= Thomas Haigh =

English violinist, pianist, and composer

Thomas Haigh (1769 - 1808), was an English violinist, pianist, and composer.

Haigh was born in London in 1769, and studied composition under Haydn in 1791 and 1792. Haigh's numerous compositions include sonatas for pianoforte solo and for pianoforte and violin or flute, serenatas, capriccios, and arrangements. Some of them were reprinted at Paris and others at Offenbach.

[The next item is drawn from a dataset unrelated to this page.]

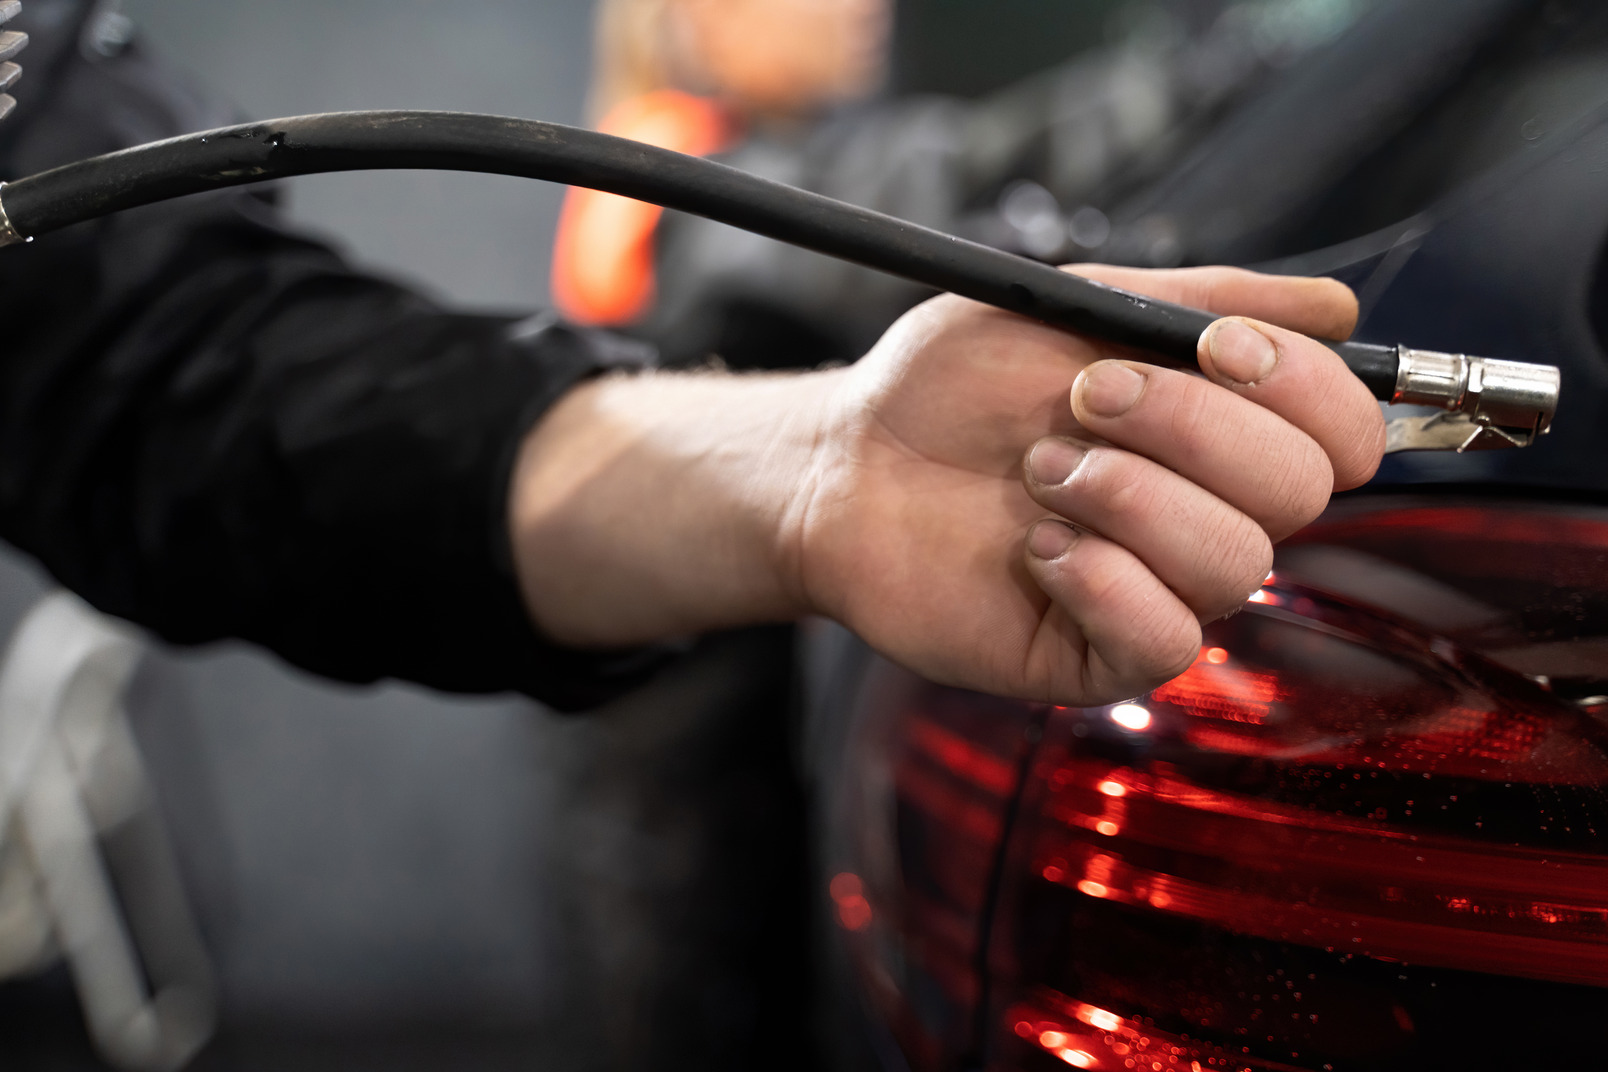 Human hand holding air pump hose

The better known of them are: Two sets of three sonatas, each for pianoforte, dedicated to Haydn, 1796(?); three sonatas for pianoforte, with accompaniment for violin or flute, London, 1798(?); three sonatas for pianoforte, airs by Giardini introduced, Op. 13, 1800(?); sonata for pianoforte, with air from ‘Beggar's Opera’ introduced, Op. 28, 1800(?); sonata, with air Viva tutte, accompaniment flute or violin, 1812(?); sonata, pianoforte, dedicated to Miss Bain, 1817(?); grand sonata, dedicated to Miss Heathcote, 1819; ‘Yesterday,’ ‘Whan you told us,’ and other ballads, about 1800. A violin concerto and a parody on the 'Lodoiska' for flute (see Clementi's Catalogue) are also ascribed to Haigh in the ‘Dictionary of Music’ of 1827.

From 1793 to 1801 Haigh lived in Manchester, where he probably had family connections. He died in London in April 1808.